Can We Afford Private School Tuition?
My plan was falling in place, except for one last hurdle -- I needed the school district to pay Katie’s tuition. I knew it wouldn’t be easy. I had heard stories about long, expensive battles between school districts and parents. I was about to hire a lawyer, and send him a retainer check, when someone advised me, “Talk to the district first.”
I wrote a letter to the director of pupil services, telling her about Katie’s challenges and why Willow Hill was better equipped to meet them. I thanked her for the support they had given Katie, but explained that Katie’s social needs were too great for the school to manage. The director responded immediately, saying, “You can discuss Katie’s placement at your upcoming IEP accommodations meeting.”

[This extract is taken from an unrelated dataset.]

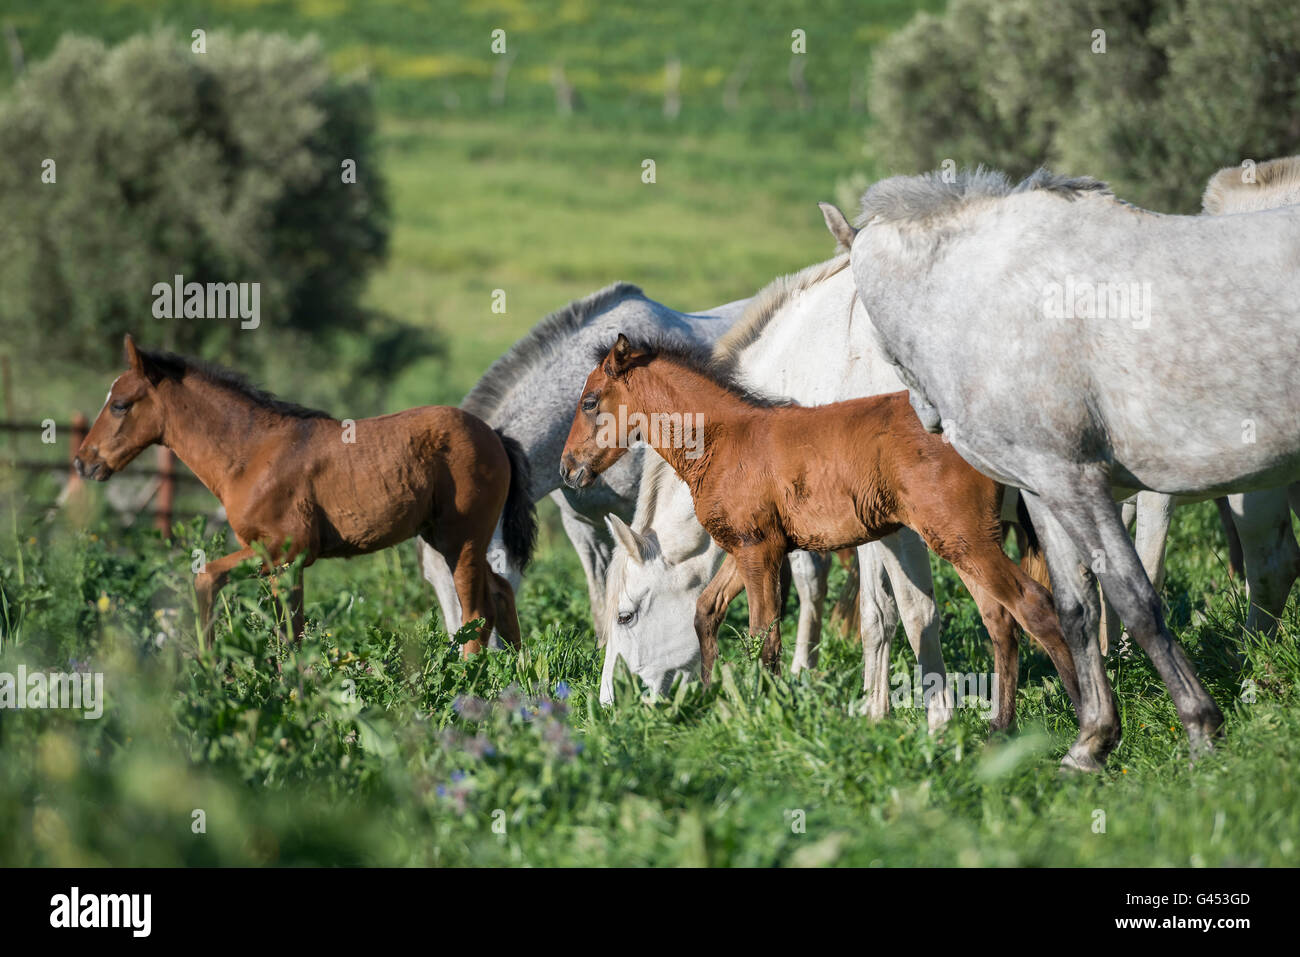 Herd of PRE mares and foals in a field Stock Photo

That meant waiting. Every night I pored over the Willow Hill brochure. As I read about their students who went on to college, and the school’s “everybody makes the team” sports policy, I grew more excited. “Oh, God, please let Katie get in to this school,” I prayed. Willow Hill was more than a school; it seemed to promise my daughter a future.
One evening I woke up, panicked. “What if she doesn’t get in? What if she does get in, but I’m making the wrong decision?”
I turned on my iPod to help me relax. Kelly Clarkson’s “Breakaway” was the first song I heard. I hadn’t listened to the words before, until then: “Make a change, and break away.” As I listened to the song, I knew that Katie would get in to Willow Hill.
The next day Katie’s letter of acceptance arrived. I was ecstatic, but scared because I had to find a way to pay for it.
“I don’t care,” said my husband, Mike. “We’re sending her, one way or the other.”
“I don’t know how we can do that,” I said.
“What if we cut out the extras?”
“I don’t think food and heat are extras, Mike.”